__PROBLEM DESCRIPTION__
Exactly as written, please set down all of the entries again, with no pictures.

__SOURCE MATERIAL__

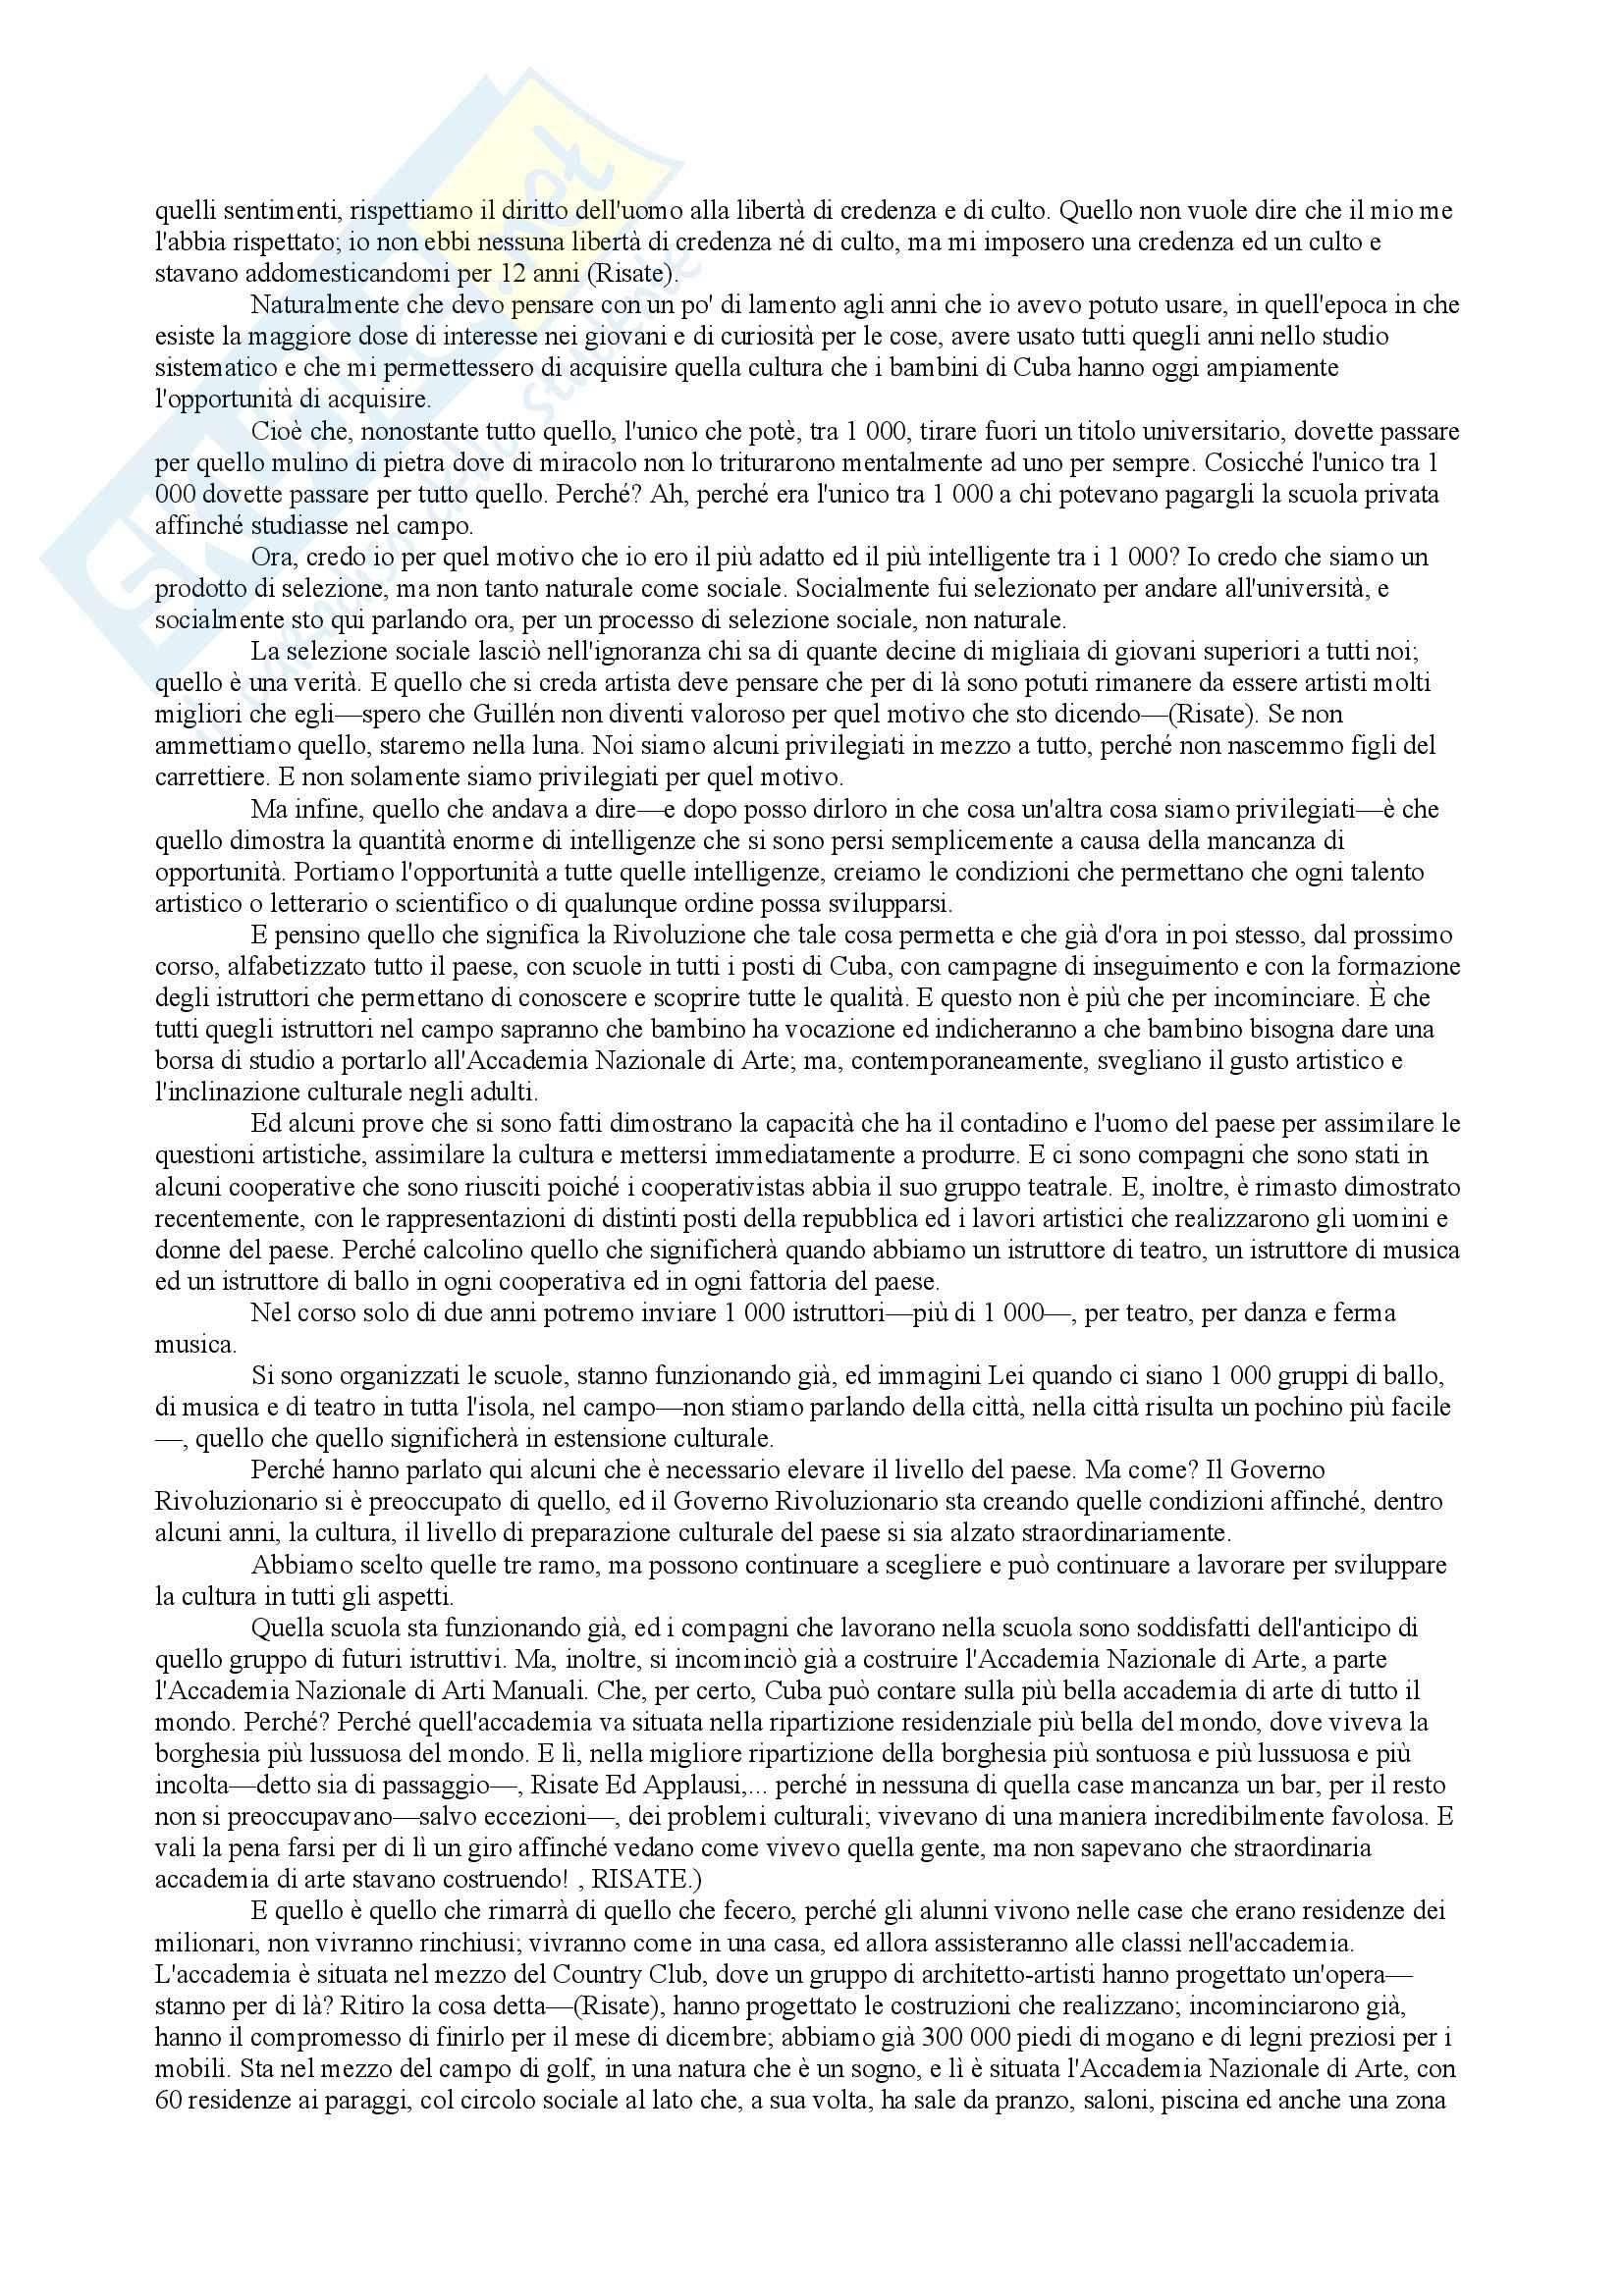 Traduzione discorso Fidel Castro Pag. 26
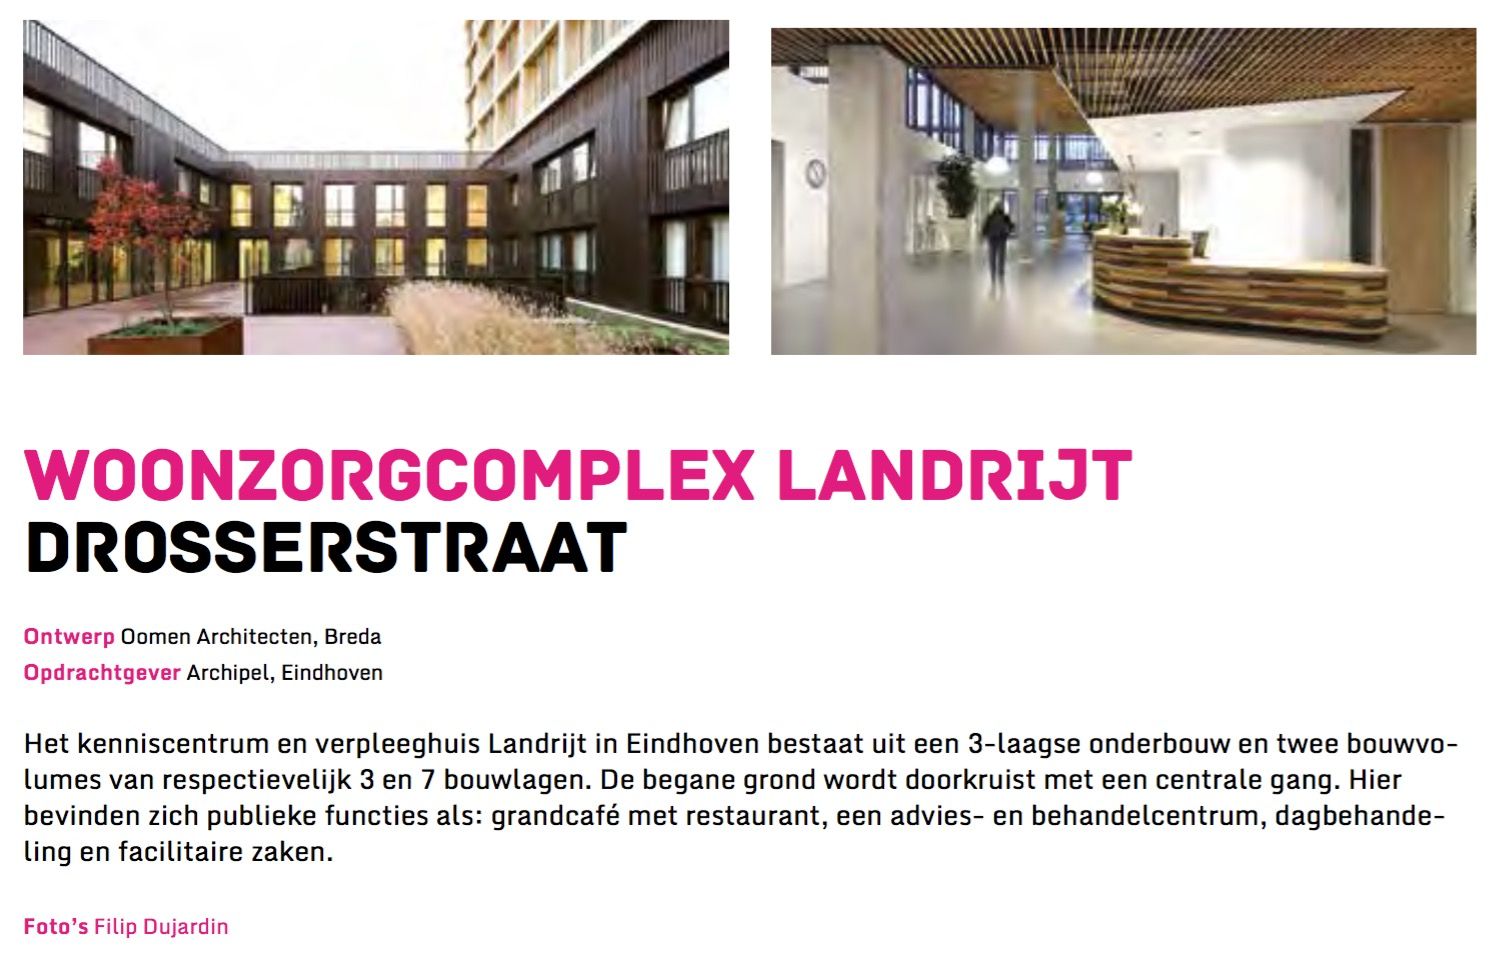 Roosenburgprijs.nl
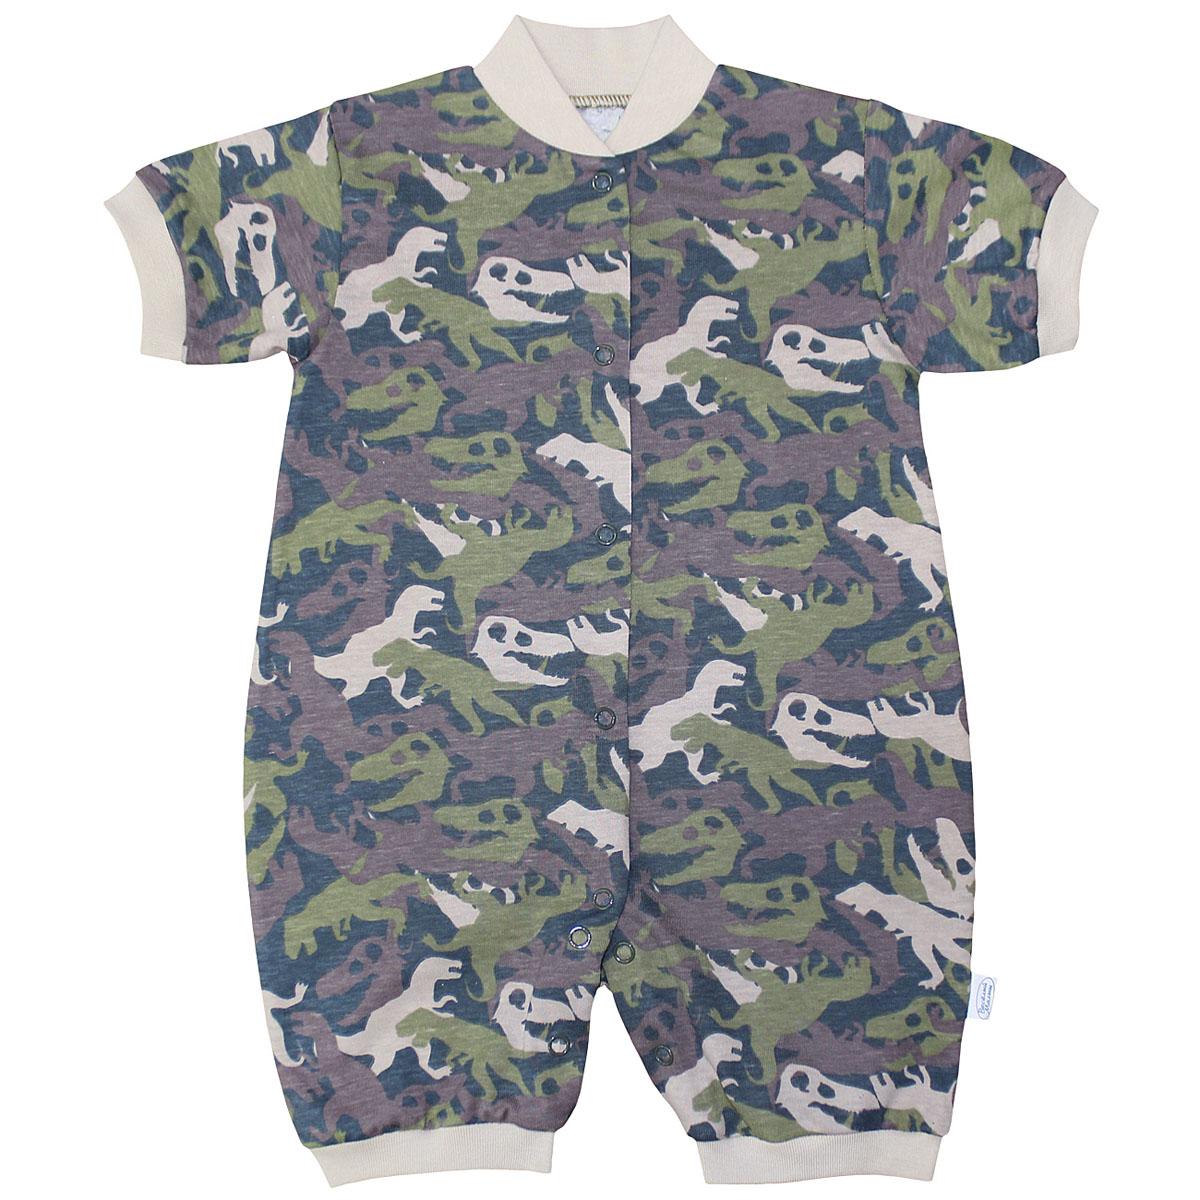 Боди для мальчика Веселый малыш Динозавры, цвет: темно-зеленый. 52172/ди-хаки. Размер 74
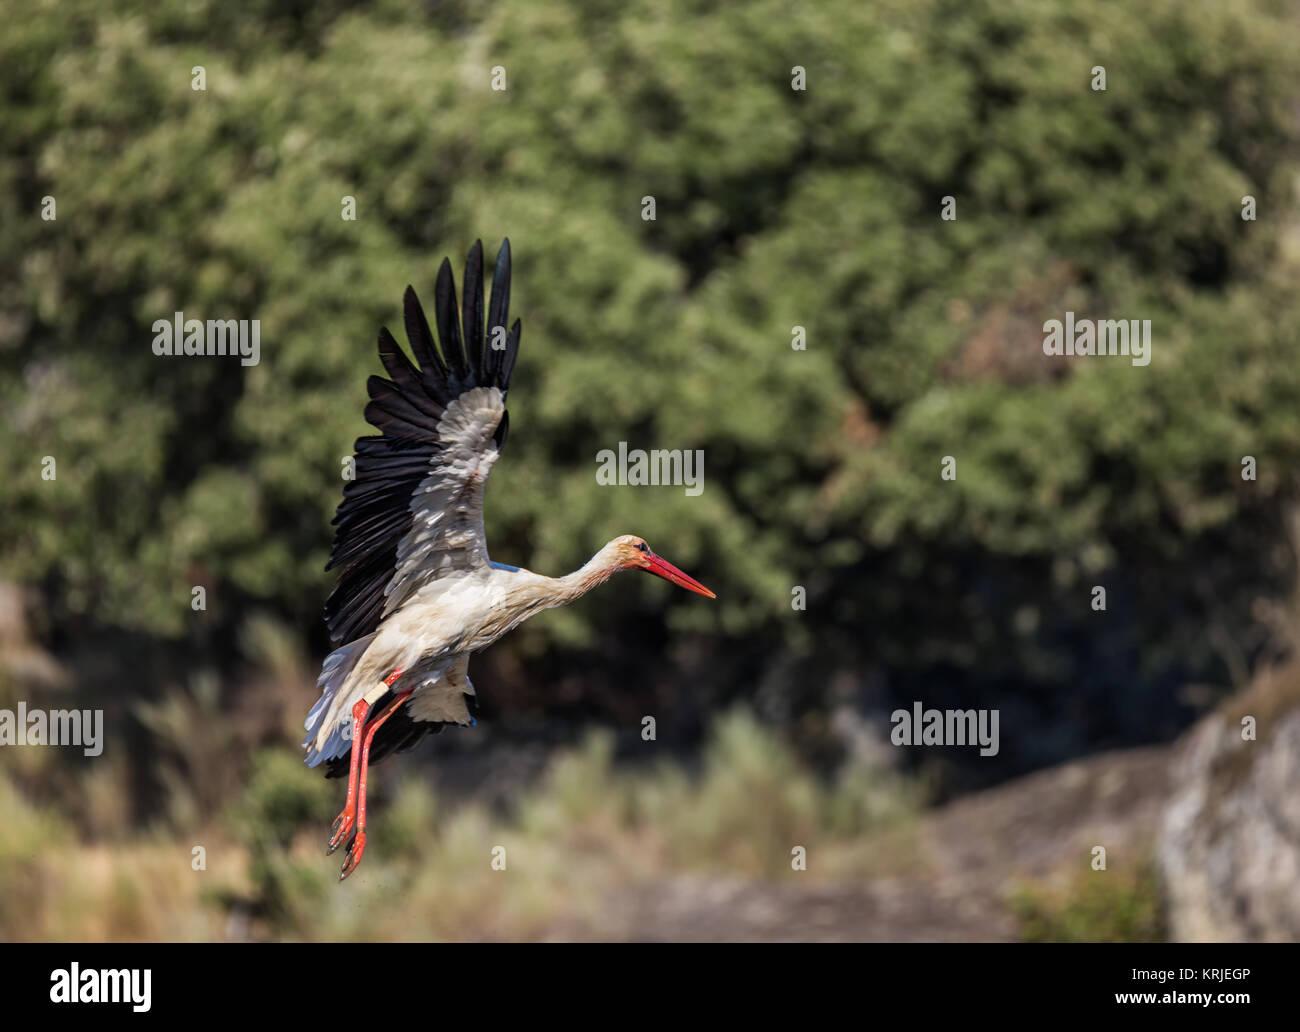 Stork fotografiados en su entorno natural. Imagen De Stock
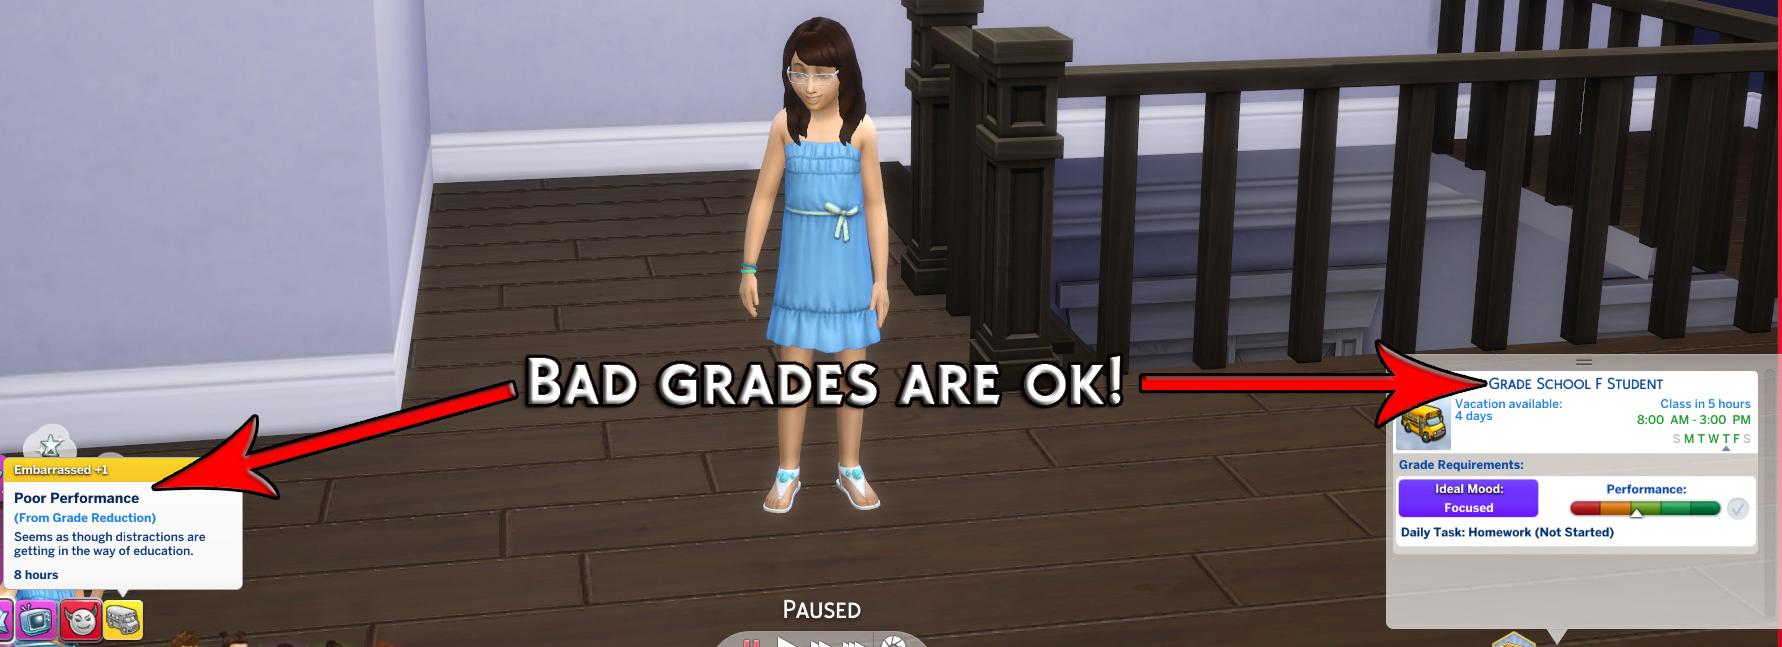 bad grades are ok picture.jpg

__ANSWER SPACE__
 Traduzione discorso Fidel Castro Pag. 26
 Roosenburgprijs.nl
 Боди для мальчика Веселый малыш Динозавры, цвет: темно-зеленый. 52172/ди-хаки. Размер 74
 Stork fotografiados en su entorno natural. Imagen De Stock
 bad grades are ok picture.jpg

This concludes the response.